Single by the Paddingtons

from the album First Comes First
- Released: 11 July 2005
- Recorded: Fairview Studios
- Genre: Rock

The Paddingtons singles chronology
| "Panic Attack" (2005) | "50 to a Pound" (2005) | "Sorry" (2005) |

= 50 to a Pound =

"50 to a Pound" is the second single to be taken from the debut album First Comes First by Kingston upon Hull band the Paddingtons, released on 11 July 2005. It is their third single in total, "21" being their debut which was later re-recorded for the album.

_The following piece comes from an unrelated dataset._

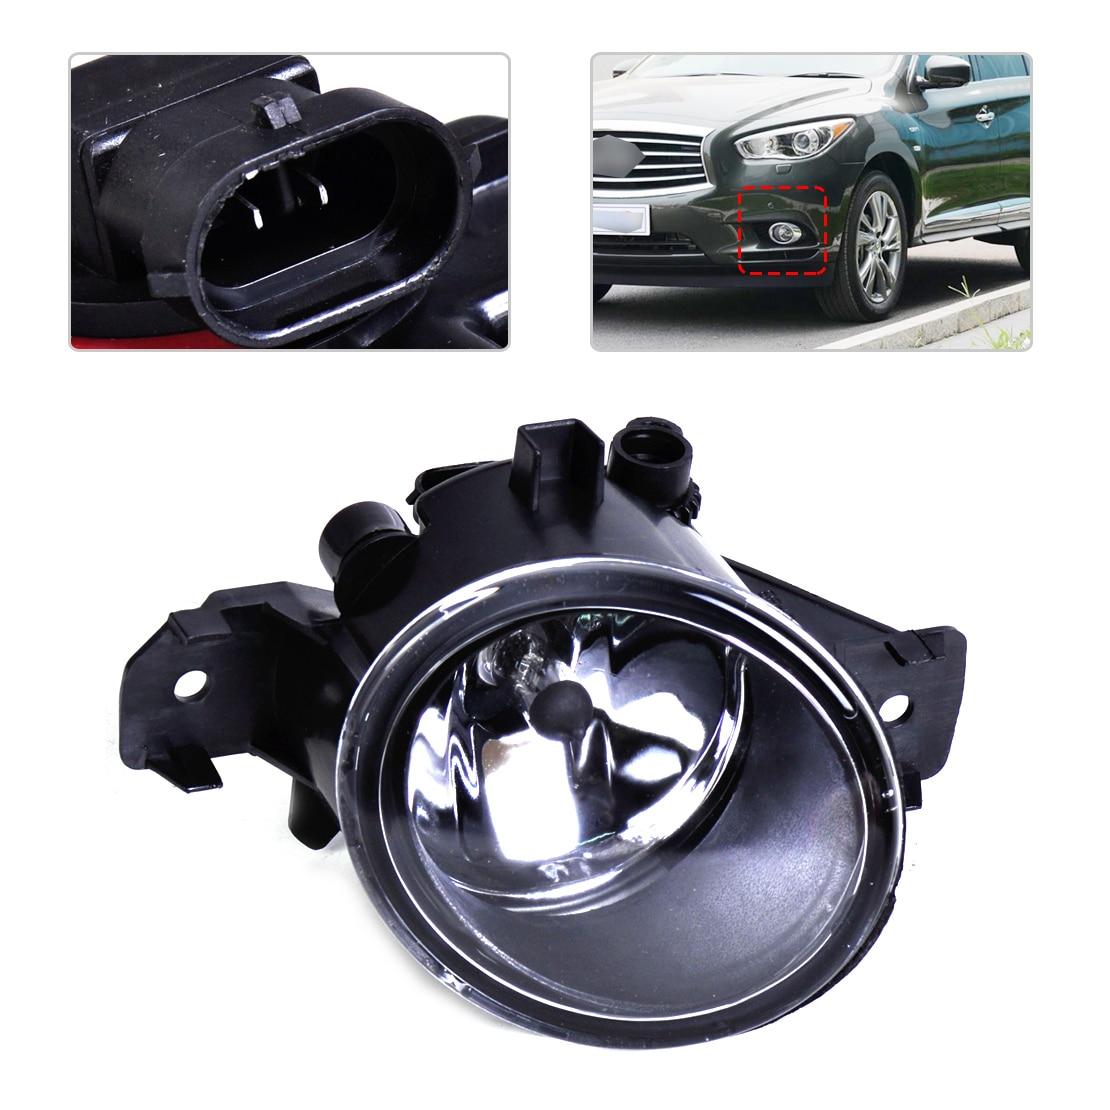 DWCX 26155-89927 Left Fog Light Lamp + Halogen Bulb for Nissan Altima Sentra Maxima Rogue Versa Infiniti G37 QX60 JX35 M35

Released over three formats and charting at number 32 in the UK Singles Chart, it featured three previously unreleased songs.

- CD
1. "50 to a £"
2. "No Time"

- 7" 1
A1. "50 to a £"
B1. "Kiss 'N' Let Go"

- 7" 2
A1. "50 to a £"
B1. "Against You Me" (written by Rory Mansfield)

==Other information==
- The video for this single features 50+ friends/fans from Hull watching the band perform in a London pub until a fight breaks out. Lead singer Tom Atkin is thrown through a glass door by an angry gig goer after he kisses his girlfriend.
- Pete Doherty performed this song live on stage at Hedi Slimane's Birthday Party at Triptyque in Paris and got the timing of the song wrong, due to him only knowing the demo version of the song.